**Exercise inputs**
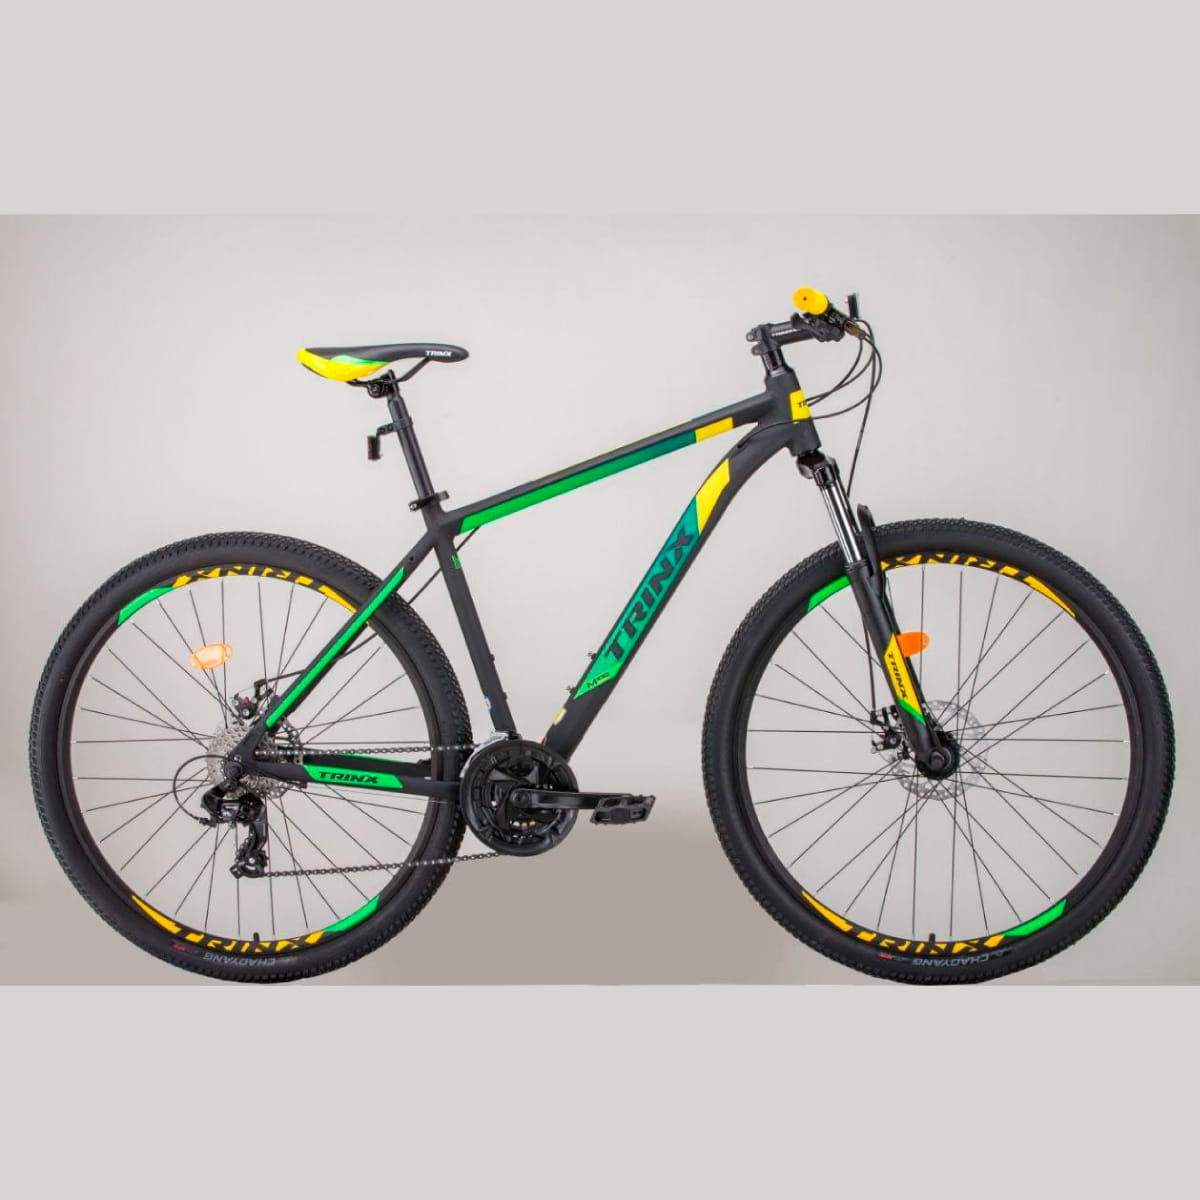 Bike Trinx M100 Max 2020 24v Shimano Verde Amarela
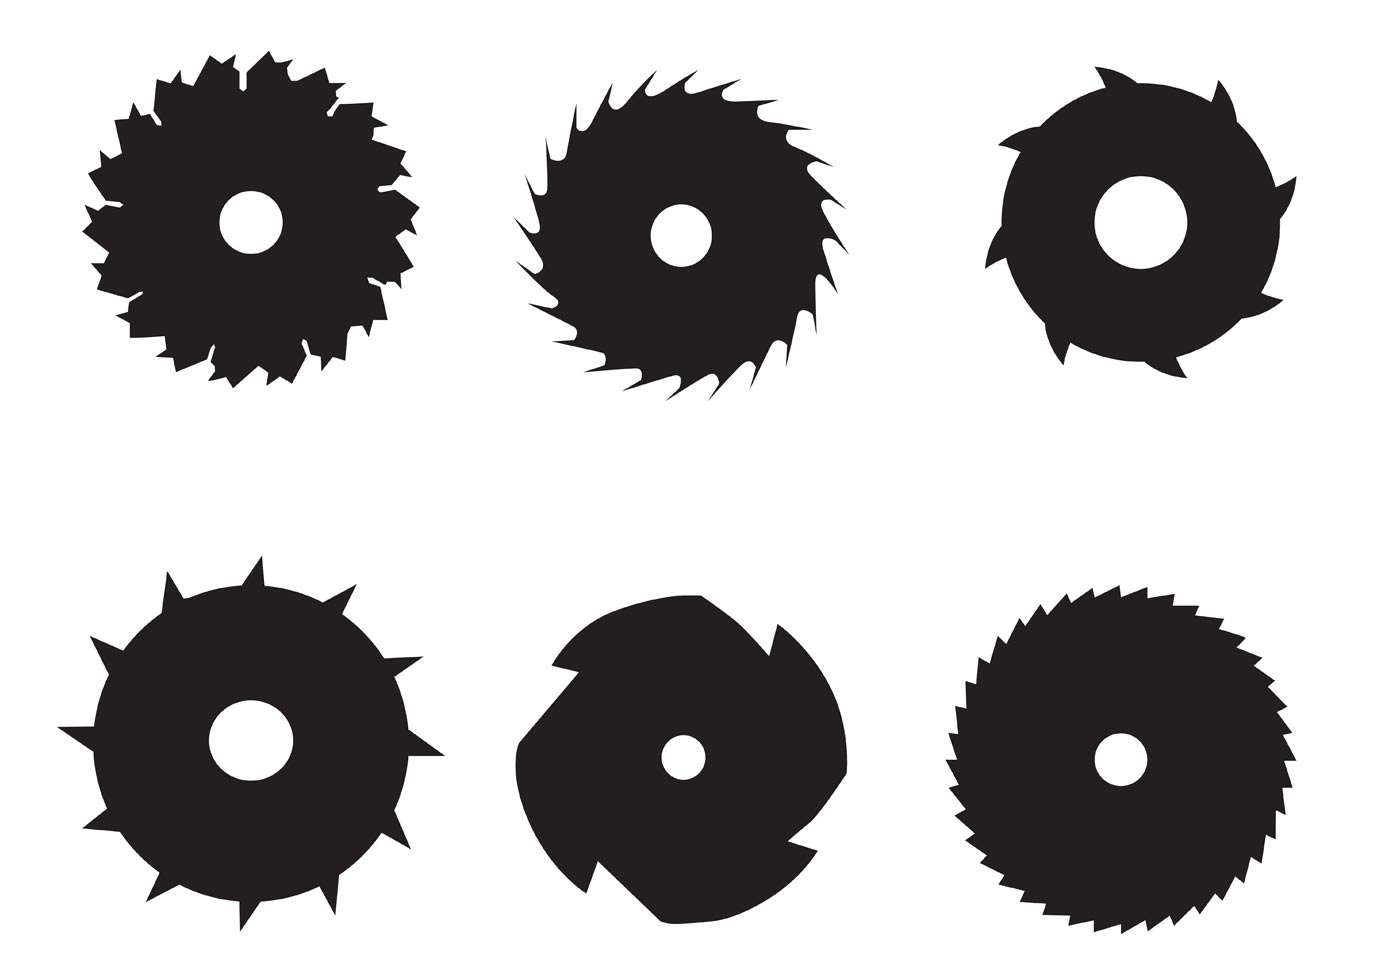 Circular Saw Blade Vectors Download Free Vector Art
* * *
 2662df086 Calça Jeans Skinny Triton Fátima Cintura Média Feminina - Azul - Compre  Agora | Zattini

**What this task involves**
Only one stretch of the entries above is needed: the lines from the one containing "Bike Trinx M100" through the one containing "Circular Saw Blade". Copy it exactly, without the pictures.

**Solution to this task**
 Bike Trinx M100 Max 2020 24v Shimano Verde Amarela
 Circular Saw Blade Vectors Download Free Vector Art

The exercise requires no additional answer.